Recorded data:
※ ※ ※
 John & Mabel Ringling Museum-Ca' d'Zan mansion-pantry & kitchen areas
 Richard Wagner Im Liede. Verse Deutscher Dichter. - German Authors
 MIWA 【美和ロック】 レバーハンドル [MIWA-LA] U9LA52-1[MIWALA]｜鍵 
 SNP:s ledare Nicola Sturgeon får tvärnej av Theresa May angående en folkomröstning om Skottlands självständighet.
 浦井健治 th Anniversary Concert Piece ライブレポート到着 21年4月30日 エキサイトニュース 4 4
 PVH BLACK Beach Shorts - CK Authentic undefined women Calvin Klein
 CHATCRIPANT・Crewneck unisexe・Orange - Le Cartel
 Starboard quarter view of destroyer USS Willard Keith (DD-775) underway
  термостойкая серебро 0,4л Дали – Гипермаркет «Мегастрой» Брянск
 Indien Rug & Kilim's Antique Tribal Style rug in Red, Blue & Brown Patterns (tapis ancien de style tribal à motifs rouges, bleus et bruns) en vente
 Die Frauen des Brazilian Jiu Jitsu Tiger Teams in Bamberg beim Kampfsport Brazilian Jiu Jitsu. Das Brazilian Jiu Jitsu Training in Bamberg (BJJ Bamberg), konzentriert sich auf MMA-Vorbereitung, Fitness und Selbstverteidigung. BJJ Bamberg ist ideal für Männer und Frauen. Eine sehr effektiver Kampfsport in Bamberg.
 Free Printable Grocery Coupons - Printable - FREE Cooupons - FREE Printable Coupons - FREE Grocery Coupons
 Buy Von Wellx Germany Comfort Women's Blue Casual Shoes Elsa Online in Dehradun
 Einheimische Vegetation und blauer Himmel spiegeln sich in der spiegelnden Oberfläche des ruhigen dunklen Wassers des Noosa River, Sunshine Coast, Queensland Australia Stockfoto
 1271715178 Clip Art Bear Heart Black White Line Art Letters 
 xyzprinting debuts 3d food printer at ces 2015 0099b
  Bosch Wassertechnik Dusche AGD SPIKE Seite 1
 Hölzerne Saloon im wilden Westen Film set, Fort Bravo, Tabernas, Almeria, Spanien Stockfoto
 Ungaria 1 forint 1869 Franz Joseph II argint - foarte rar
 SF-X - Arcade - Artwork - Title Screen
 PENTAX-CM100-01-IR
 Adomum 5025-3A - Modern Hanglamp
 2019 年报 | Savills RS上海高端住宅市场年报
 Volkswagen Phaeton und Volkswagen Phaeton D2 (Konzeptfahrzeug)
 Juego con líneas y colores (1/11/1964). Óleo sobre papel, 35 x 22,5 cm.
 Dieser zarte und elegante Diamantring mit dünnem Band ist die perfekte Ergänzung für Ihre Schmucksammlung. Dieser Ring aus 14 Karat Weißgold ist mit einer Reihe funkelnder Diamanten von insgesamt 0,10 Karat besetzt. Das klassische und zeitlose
※ ※ ※
Work task =>
Print nothing but the lines from the one that contains "термостойкая серебро 0,4л" to the final line of the data, both included, exactly as they read.

Task solution =>
  термостойкая серебро 0,4л Дали – Гипермаркет «Мегастрой» Брянск
 Indien Rug & Kilim's Antique Tribal Style rug in Red, Blue & Brown Patterns (tapis ancien de style tribal à motifs rouges, bleus et bruns) en vente
 Die Frauen des Brazilian Jiu Jitsu Tiger Teams in Bamberg beim Kampfsport Brazilian Jiu Jitsu. Das Brazilian Jiu Jitsu Training in Bamberg (BJJ Bamberg), konzentriert sich auf MMA-Vorbereitung, Fitness und Selbstverteidigung. BJJ Bamberg ist ideal für Männer und Frauen. Eine sehr effektiver Kampfsport in Bamberg.
 Free Printable Grocery Coupons - Printable - FREE Cooupons - FREE Printable Coupons - FREE Grocery Coupons
 Buy Von Wellx Germany Comfort Women's Blue Casual Shoes Elsa Online in Dehradun
 Einheimische Vegetation und blauer Himmel spiegeln sich in der spiegelnden Oberfläche des ruhigen dunklen Wassers des Noosa River, Sunshine Coast, Queensland Australia Stockfoto
 1271715178 Clip Art Bear Heart Black White Line Art Letters 
 xyzprinting debuts 3d food printer at ces 2015 0099b
  Bosch Wassertechnik Dusche AGD SPIKE Seite 1
 Hölzerne Saloon im wilden Westen Film set, Fort Bravo, Tabernas, Almeria, Spanien Stockfoto
 Ungaria 1 forint 1869 Franz Joseph II argint - foarte rar
 SF-X - Arcade - Artwork - Title Screen
 PENTAX-CM100-01-IR
 Adomum 5025-3A - Modern Hanglamp
 2019 年报 | Savills RS上海高端住宅市场年报
 Volkswagen Phaeton und Volkswagen Phaeton D2 (Konzeptfahrzeug)
 Juego con líneas y colores (1/11/1964). Óleo sobre papel, 35 x 22,5 cm.
 Dieser zarte und elegante Diamantring mit dünnem Band ist die perfekte Ergänzung für Ihre Schmucksammlung. Dieser Ring aus 14 Karat Weißgold ist mit einer Reihe funkelnder Diamanten von insgesamt 0,10 Karat besetzt. Das klassische und zeitlose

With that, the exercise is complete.